Альма-матер - Максим Эдуардович Шарапов
Признаваться в таких мучительных безвкусных отношениях было печально, поэтому Михаил частенько сочинял истории о прекрасных незнакомках, которые с ходу ему отдавались и были беспощадно брошены после первой же страстной ночи. Иногда после таких придуманных встреч он на несколько дней уходил в неудержимый запой и тогда шлялся по московским ночным клубам и барам, приставая к незнакомцам с витиеватыми философскими разговорами. В эти дни и ночи между рабочими неделями он забрасывал своих друзей виртуальными письмами, полными тоски и обиды на уходящую жизнь, которая просто обязана была стать великой, но почему-то оказалась совершенно заурядной.

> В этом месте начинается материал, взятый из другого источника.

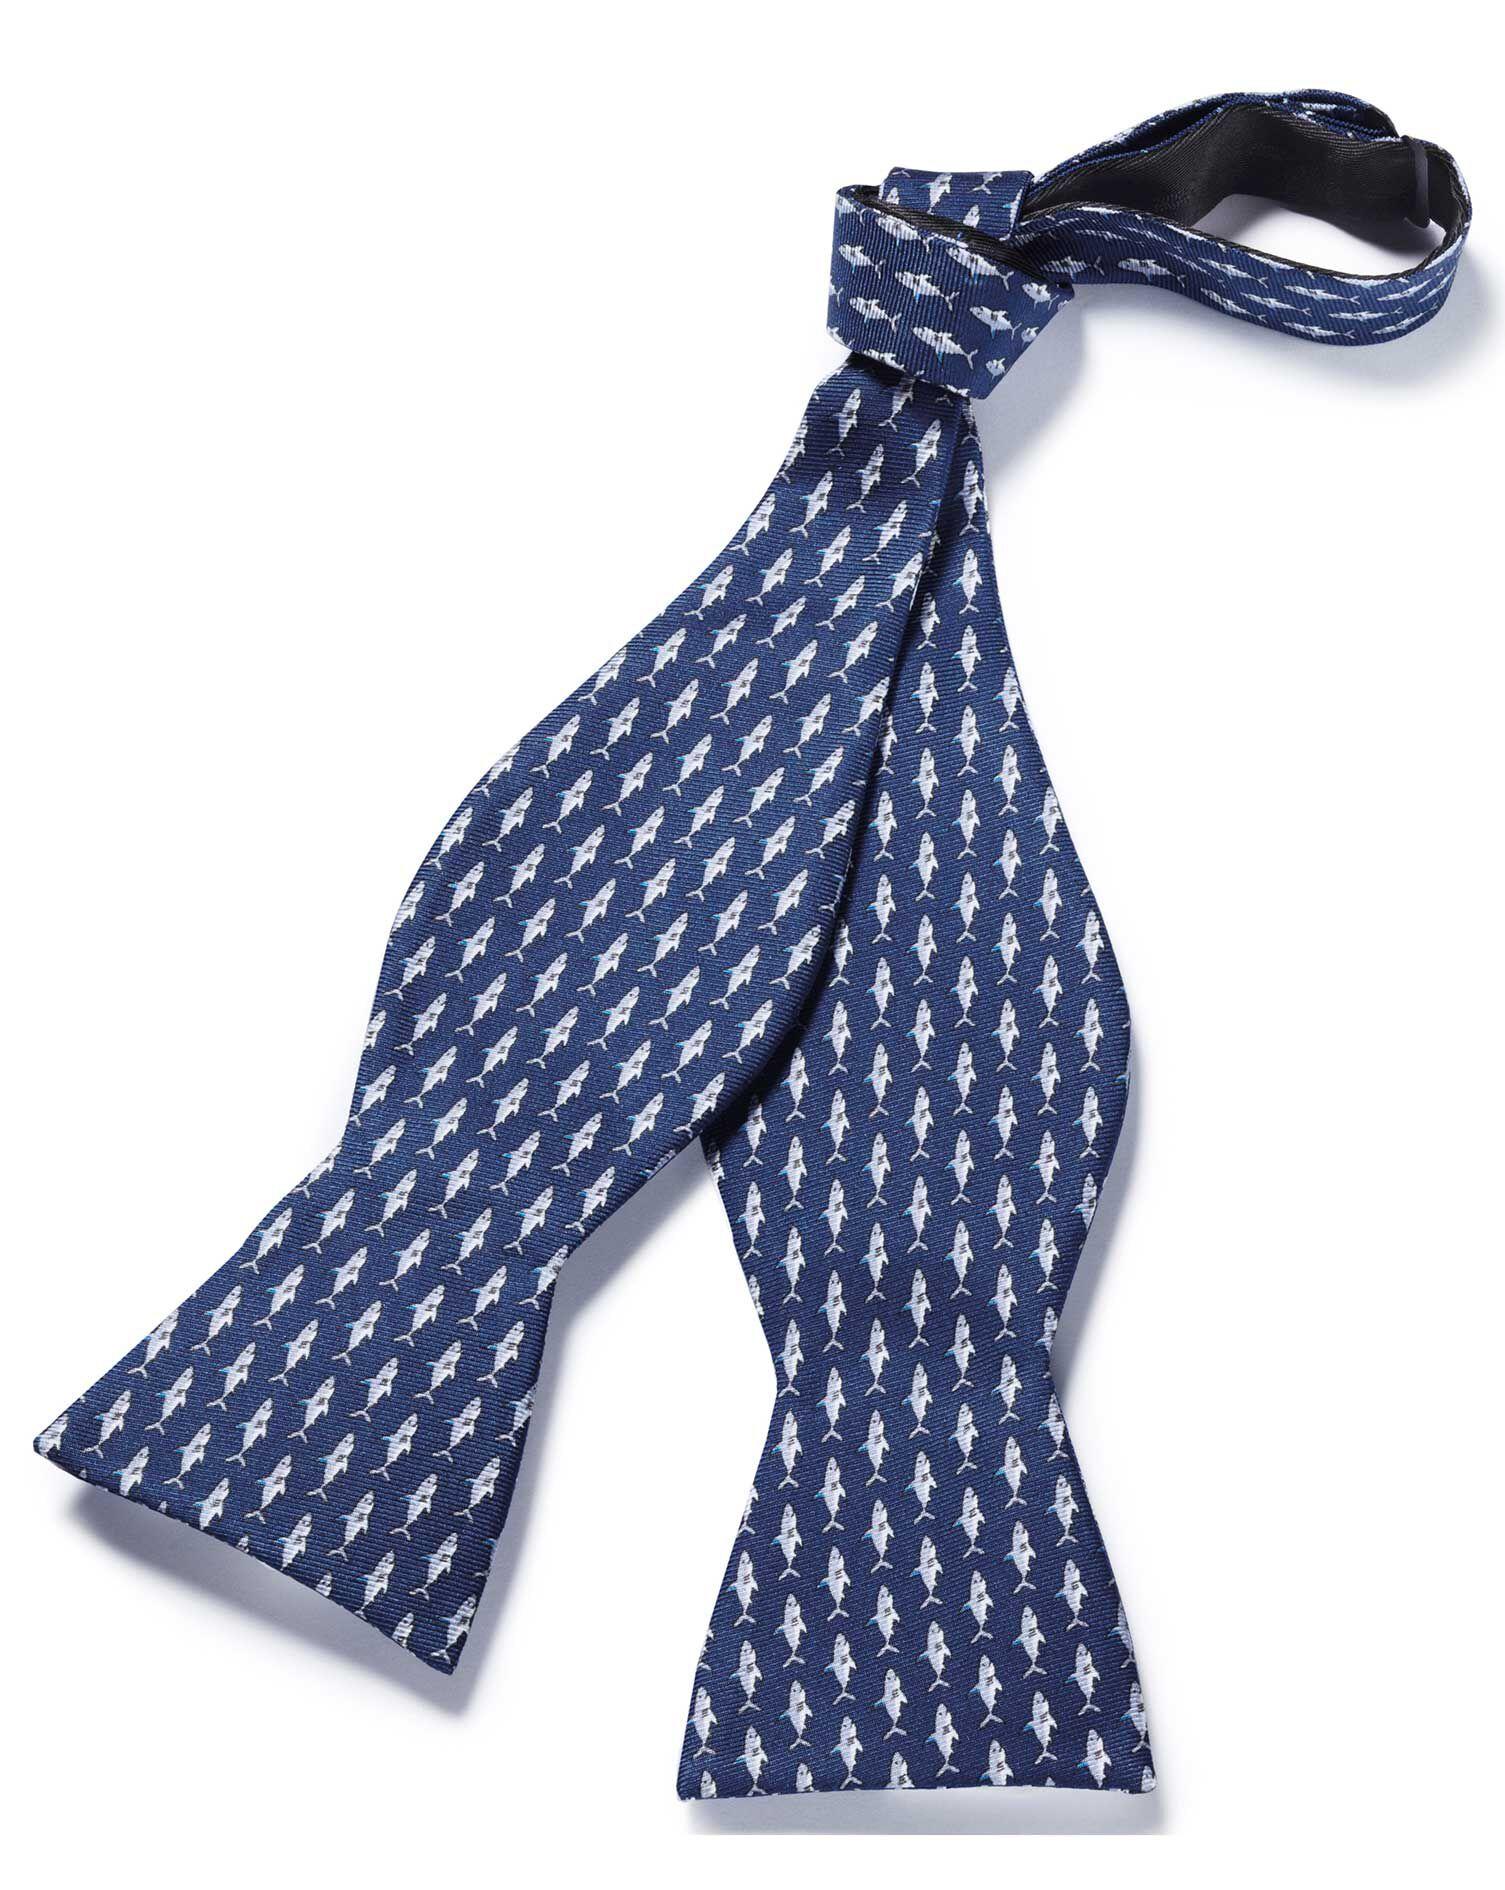 Navy Shark Print Self Tie Silk Bow Tie Size OSFA by Charles Tyrwhitt

Кирилл Эдуардович выслушал подробности очередной неистовой ночи, сказал, что не обижается и всё понимает. Отключив телефон, он улёгся на диван и прикрыл глаза. Много лет назад, укрывшись пледом на диване в своей университетской дежурке, Кирилл уже собирался заснуть, когда услышал удары в дверь. Подождав пару минут и убедившись, что ночной посетитель убираться не торопится, он взял металлический прут и пошёл посмотреть, кто не даёт ему спокойно выспаться на работе. За мутноватыми стёклами дверей маячила знакомая фигура Михаила.
– Пусти, дружище, – произнёс Миша. – Жизнь надломилась.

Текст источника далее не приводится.